Um processo movido pelo ex-chefe de segurança do WhatsApp, Attaullah Baig, foi rejeitado no mês passado pelo Tribunal Distrital dos EUA no Norte da Califórnia por falta de provas suficientes. A equipe de Baig afirmou que planeja reapresentar a ação.
Na ação, Baig alegou ter sido demitido durante as demissões por desempenho da Meta por levantar preocupações sobre o que descreveu como graves falhas de segurança dentro do aplicativo de mensagens de propriedade da Meta. Seu processo afirmava que sua demissão violou as regras da SEC (Comissão de Valores Mobiliários dos EUA) que protegem denunciantes de represálias.
Falta de detalhes na denúncia inicial
Em despacho de 19 de março, a juíza federal Laurel Beeler escreveu que "a denúncia não contém fatos suficientes para mostrar que o autor relatou violações das regras ou regulamentos da SEC". A corte considerou que detalhes eram insuficientes em múltiplos aspectos do caso.
Por exemplo, Baig disse ter preenchido um formulário interno na Meta sobre sérias questões de cibersegurança, mas não incluiu mais detalhes sobre seu conteúdo na ação judicial. A juíza também considerou que as alegações de Baig não demonstram retaliação pelo CEO da Meta, Mark Zuckerberg, a quem Baig havia relatado as preocupações com a segurança.

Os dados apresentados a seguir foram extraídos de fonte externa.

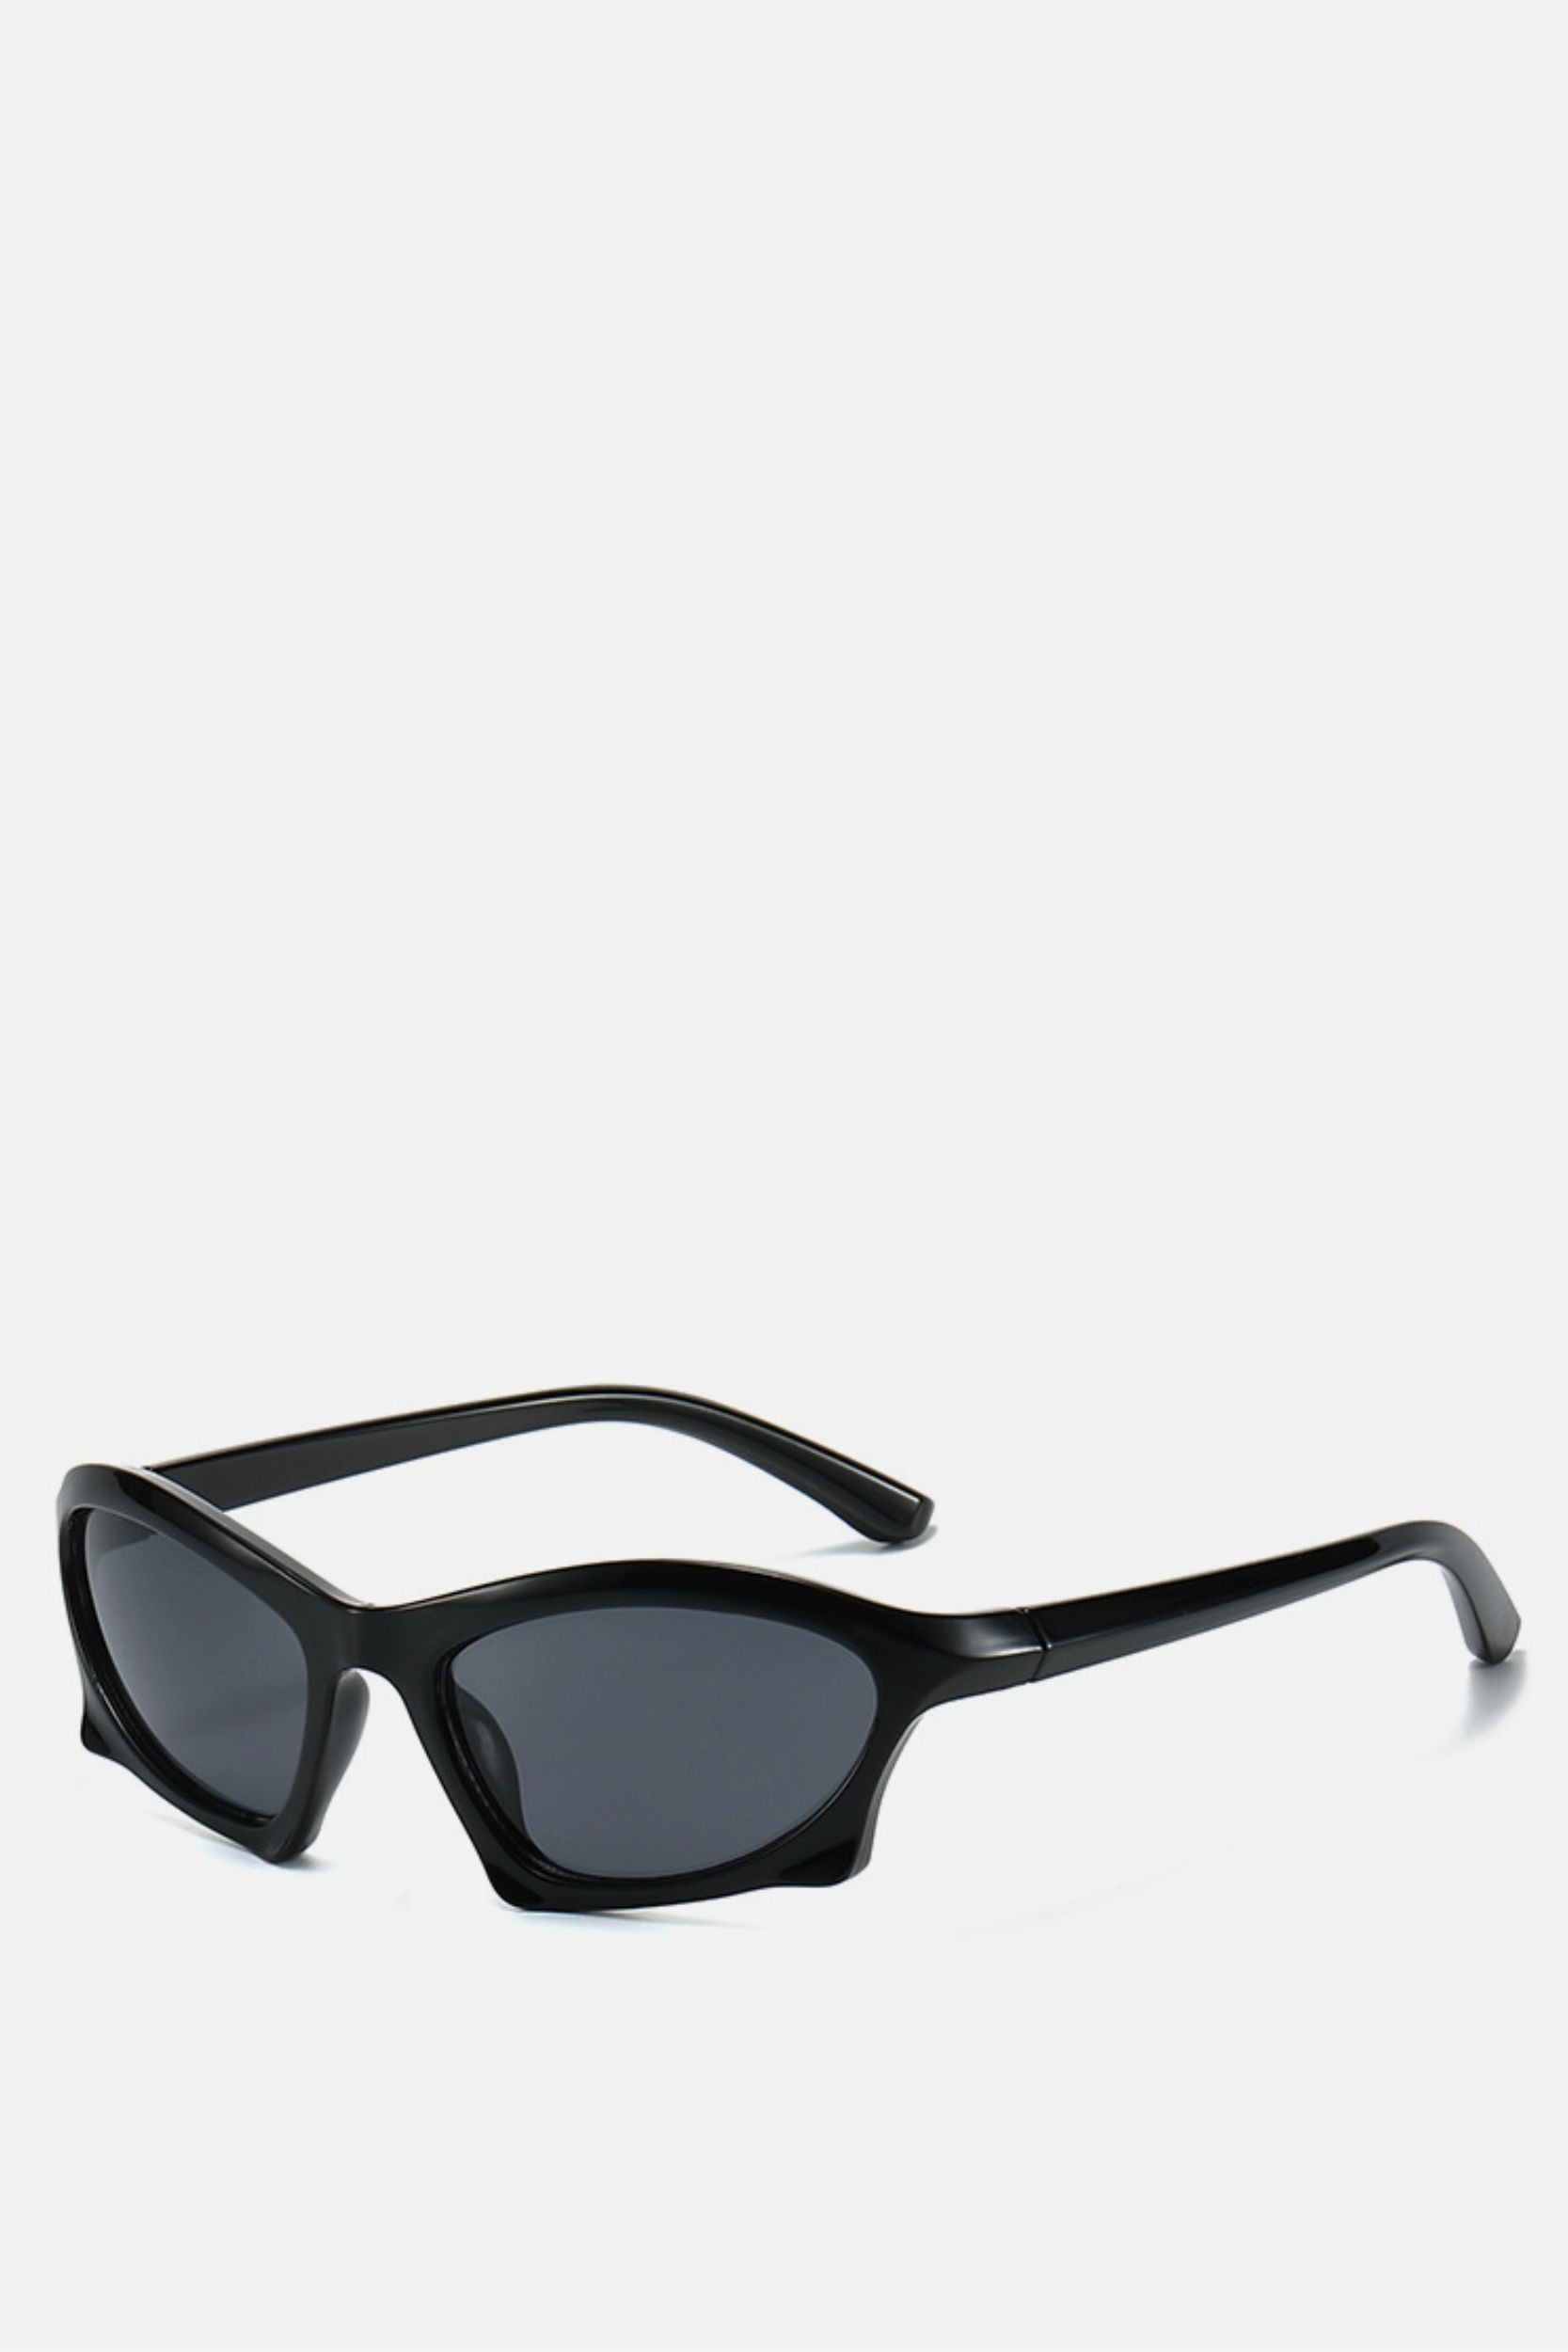 CALI Black Cat Eye Sunglasses

Alegações sobre falhas no WhatsApp
Baig havia alegado que suas preocupações foram ignoradas enquanto hackers assumiam o controle de mais de 100.000 contas por dia e que milhares de funcionários tinham acesso a dados sensíveis dos usuários, como localizações e fotos de perfil.
O foco da Meta nas avaliações de desempenho também teria prejudicado a segurança no WhatsApp, pois os funcionários se concentravam em otimizar suas pontuações nas revisões em vez de abordar ameaças genuínas de segurança, afirmou Baig na ação.
Meta comemora decisão e grupo de Baig planeja reapresentar caso
Andy Stone, porta-voz da Meta, disse: "Esta decisão reafirma o que dissemos o tempo todo: essas alegações não têm mérito. Temos orgulho de nosso forte histórico de proteger a privacidade e a segurança das pessoas e continuaremos construindo sobre ele".
O grupo que representa Baig, a organização de defesa de denunciantes Psst.org, afirmou que planeja reapresentar o caso e que a rejeição foi baseada em fundamentos técnicos estreitos. Jennifer Gibson, cofundadora e diretora executiva da Psst.org, explicou que a juíza não fez qualquer constatação sobre a veracidade das alegações de Baig.
Gibson afirmou que a rejeição ocorreu em parte porque a juíza se recusou a considerar um documento de 90 páginas que Baig apresentou à OSHA (Administração de Segurança e Saúde Ocupacional). "O Sr. Baig descobriu que os dados de bilhões de usuários do WhatsApp estavam em risco. Ele relatou internamente, escalou para Mark Zuckerberg e foi a reguladores federais. Ele foi demitido mesmo assim", disse Gibson em comunicado.
Processo contra executivo específico pode seguir adiante
A decisão da juíza observou que Baig tinha "alegações suficientes" em relação a Nitin Gupta, chefe de engenharia do WhatsApp na Meta. Baig alegou que Gupta negou a ele concessões de ações e marginalizou sua equipe em retaliação por levantar preocupações de segurança.
"Assim, se a alegação do autor por retaliação não fosse rejeitada, a alegação individual contra Gupta sobreviveria", escreveu a juíza Beeler. Isso indica que, caso a ação principal seja reapresentada e aceita, a parte do processo direcionada especificamente ao executivo poderia prosseguir.